--- EXTRACTED INFORMATION ---
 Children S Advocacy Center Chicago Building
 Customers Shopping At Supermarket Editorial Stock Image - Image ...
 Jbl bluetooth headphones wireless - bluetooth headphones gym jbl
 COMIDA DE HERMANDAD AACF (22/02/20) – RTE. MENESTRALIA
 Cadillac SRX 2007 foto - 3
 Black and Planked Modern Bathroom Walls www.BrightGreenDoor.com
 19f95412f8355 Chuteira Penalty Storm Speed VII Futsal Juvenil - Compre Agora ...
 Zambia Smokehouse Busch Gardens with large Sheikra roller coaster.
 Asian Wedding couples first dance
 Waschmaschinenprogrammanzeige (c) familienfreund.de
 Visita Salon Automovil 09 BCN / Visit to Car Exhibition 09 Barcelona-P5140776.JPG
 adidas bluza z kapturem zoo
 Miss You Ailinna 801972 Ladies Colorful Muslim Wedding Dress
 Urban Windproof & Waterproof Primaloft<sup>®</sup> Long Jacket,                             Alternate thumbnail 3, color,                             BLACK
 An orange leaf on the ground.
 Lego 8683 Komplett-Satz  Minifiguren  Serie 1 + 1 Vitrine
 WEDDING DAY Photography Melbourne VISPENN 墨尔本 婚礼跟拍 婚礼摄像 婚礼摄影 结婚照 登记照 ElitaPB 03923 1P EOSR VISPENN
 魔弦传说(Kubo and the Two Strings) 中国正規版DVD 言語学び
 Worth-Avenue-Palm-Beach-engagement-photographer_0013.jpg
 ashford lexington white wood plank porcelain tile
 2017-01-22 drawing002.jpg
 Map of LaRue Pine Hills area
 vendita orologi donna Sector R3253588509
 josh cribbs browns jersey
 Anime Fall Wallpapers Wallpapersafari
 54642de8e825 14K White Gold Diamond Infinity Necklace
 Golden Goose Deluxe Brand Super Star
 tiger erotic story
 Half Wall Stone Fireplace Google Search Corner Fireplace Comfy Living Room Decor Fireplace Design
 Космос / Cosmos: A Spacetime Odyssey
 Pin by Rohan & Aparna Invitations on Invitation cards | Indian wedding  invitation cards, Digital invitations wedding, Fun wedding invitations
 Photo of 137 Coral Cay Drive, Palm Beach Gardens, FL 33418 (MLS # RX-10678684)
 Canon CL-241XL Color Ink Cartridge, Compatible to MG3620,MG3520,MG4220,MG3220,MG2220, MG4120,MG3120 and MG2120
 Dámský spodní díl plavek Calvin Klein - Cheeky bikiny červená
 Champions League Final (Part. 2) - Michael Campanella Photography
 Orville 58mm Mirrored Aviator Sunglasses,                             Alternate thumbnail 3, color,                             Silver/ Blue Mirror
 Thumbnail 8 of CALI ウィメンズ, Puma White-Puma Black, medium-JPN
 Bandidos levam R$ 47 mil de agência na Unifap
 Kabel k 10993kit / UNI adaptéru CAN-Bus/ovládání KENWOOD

--- ASSIGNMENT ---
Would you return every line of the data above exactly?

--- OUTPUT FOR THIS TASK ---
 Children S Advocacy Center Chicago Building
 Customers Shopping At Supermarket Editorial Stock Image - Image ...
 Jbl bluetooth headphones wireless - bluetooth headphones gym jbl
 COMIDA DE HERMANDAD AACF (22/02/20) – RTE. MENESTRALIA
 Cadillac SRX 2007 foto - 3
 Black and Planked Modern Bathroom Walls www.BrightGreenDoor.com
 19f95412f8355 Chuteira Penalty Storm Speed VII Futsal Juvenil - Compre Agora ...
 Zambia Smokehouse Busch Gardens with large Sheikra roller coaster.
 Asian Wedding couples first dance
 Waschmaschinenprogrammanzeige (c) familienfreund.de
 Visita Salon Automovil 09 BCN / Visit to Car Exhibition 09 Barcelona-P5140776.JPG
 adidas bluza z kapturem zoo
 Miss You Ailinna 801972 Ladies Colorful Muslim Wedding Dress
 Urban Windproof & Waterproof Primaloft<sup>®</sup> Long Jacket,                             Alternate thumbnail 3, color,                             BLACK
 An orange leaf on the ground.
 Lego 8683 Komplett-Satz  Minifiguren  Serie 1 + 1 Vitrine
 WEDDING DAY Photography Melbourne VISPENN 墨尔本 婚礼跟拍 婚礼摄像 婚礼摄影 结婚照 登记照 ElitaPB 03923 1P EOSR VISPENN
 魔弦传说(Kubo and the Two Strings) 中国正規版DVD 言語学び
 Worth-Avenue-Palm-Beach-engagement-photographer_0013.jpg
 ashford lexington white wood plank porcelain tile
 2017-01-22 drawing002.jpg
 Map of LaRue Pine Hills area
 vendita orologi donna Sector R3253588509
 josh cribbs browns jersey
 Anime Fall Wallpapers Wallpapersafari
 54642de8e825 14K White Gold Diamond Infinity Necklace
 Golden Goose Deluxe Brand Super Star
 tiger erotic story
 Half Wall Stone Fireplace Google Search Corner Fireplace Comfy Living Room Decor Fireplace Design
 Космос / Cosmos: A Spacetime Odyssey
 Pin by Rohan & Aparna Invitations on Invitation cards | Indian wedding  invitation cards, Digital invitations wedding, Fun wedding invitations
 Photo of 137 Coral Cay Drive, Palm Beach Gardens, FL 33418 (MLS # RX-10678684)
 Canon CL-241XL Color Ink Cartridge, Compatible to MG3620,MG3520,MG4220,MG3220,MG2220, MG4120,MG3120 and MG2120
 Dámský spodní díl plavek Calvin Klein - Cheeky bikiny červená
 Champions League Final (Part. 2) - Michael Campanella Photography
 Orville 58mm Mirrored Aviator Sunglasses,                             Alternate thumbnail 3, color,                             Silver/ Blue Mirror
 Thumbnail 8 of CALI ウィメンズ, Puma White-Puma Black, medium-JPN
 Bandidos levam R$ 47 mil de agência na Unifap
 Kabel k 10993kit / UNI adaptéru CAN-Bus/ovládání KENWOOD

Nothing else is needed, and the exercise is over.